Metro Weekly

End of an Icon: Vann Chen

Washington marks the passing of ''Mama Chen,'' nightlife luminary

Aside from Chen’s grace, Miruski also points to a sort of infectious goofiness. She mentions a club anthem from the ’90s, ”Walk for Me,” that she would spin regularly.

”He brought a big old wok out of his kitchen and put it on his head and started going. ‘Walk for me, Walk for me,”’ she says wistfully. ”He was just a joy to know.”

It’s likely no one knew Chen as well as Danny Aviance, with whom Chen shared an apartment at 16th and Q Streets NW for 17 years.

”We met going to different clubs in the city,” says Aviance. ”We’ve known each other for 25 years. We were friends for 23 of those years. We weren’t a couple, but we were domestic partners. We were not romantically involved, but you could say we were an ‘old married couple.’ We were family.”

In that sense, Ludo, their toy poodle Chen could be seen walking about town, may have been their de facto child, ”who misses his mommy very much.”

As his roommate, it was Aviance who found Chen, 52, lying on the sofa as he often would. At first, he says, he did not realize his friend was gone.

”When I found him, he was in a peaceful repose on the sofa,” says Aviance, adding that he’s not yet received a specific cause of death from the medical examiner. ”I’ve seen him like that a thousand times, and that’s the way he went.”

”A lady always knows when to leave,” Aviance adds with more playfulness than grief, detailing Chen’s life as a self-taught seamster, creating clothing, gifts, draperies and all the rest.

Aviance says that a private service was held with Chen’s family April 5, and that his body has been cremated. Chen’s ashes will be returned to family in Vietnam, from where he emigrated around 1980, to be interred in the family mausoleum.

”Vann was kind and generous,” Aviance continues. ”He was flamboyant.
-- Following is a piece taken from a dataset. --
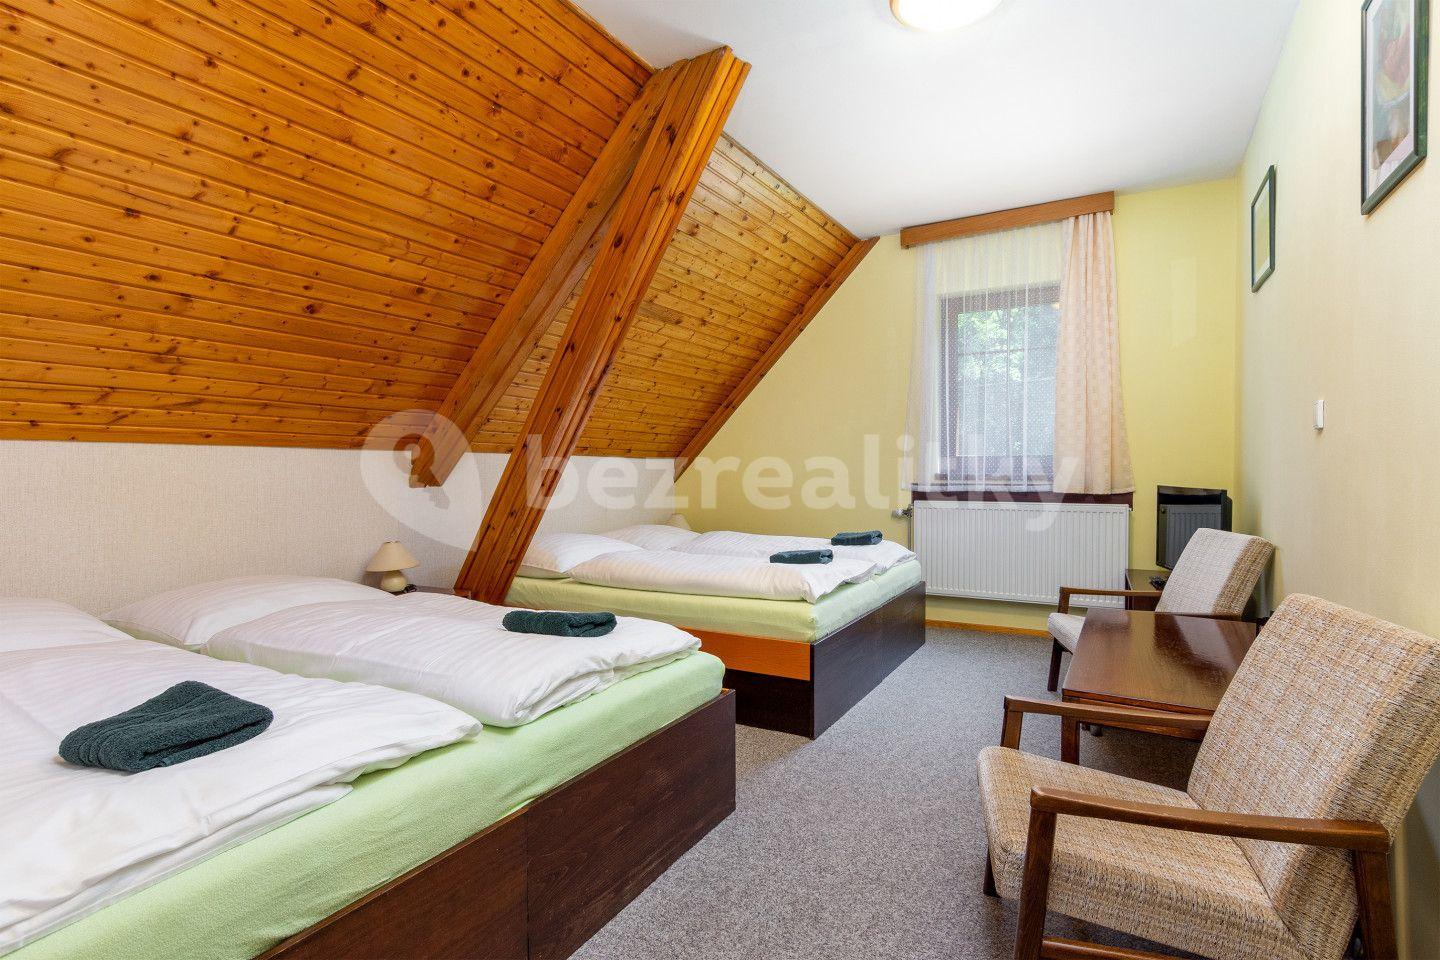 Predaj nebytového priestoru 2.754 m², Deštné v Orlických horách, Královéhradecký kraj

He was beautiful. He was very funny, with a very sharp wit. Vann was the best thing I can think of that came out of the Vietnam War. He became an icon.”

And that is what he wants those who knew Chen to celebrate. To that end, he and others are organizing a celebration of Chen’s life for April 28. Chen would have been 53 on April 29.

”We’ll have the celebration of his life on the 28th, and toast him at midnight on his birthday,” says Aviance, adding one strict caution: ”We don’t want mourning and sadness.”

As Chen celebrated life in clubs of Washington, says Aviance, it’s befitting that this last celebration, too, be filled with the music and gaiety he loved.

The celebration of Vann ”Mama Chen” Chen’s life will be Saturday, April 28, at Townhouse Tavern, 1637 R St. NW, from 9 p.m. till closing. Aviance asks that in lieu of flowers, those wishing to honor Chen make a donation ”in the spirit of Vann’s generosity” to the charity of their choice.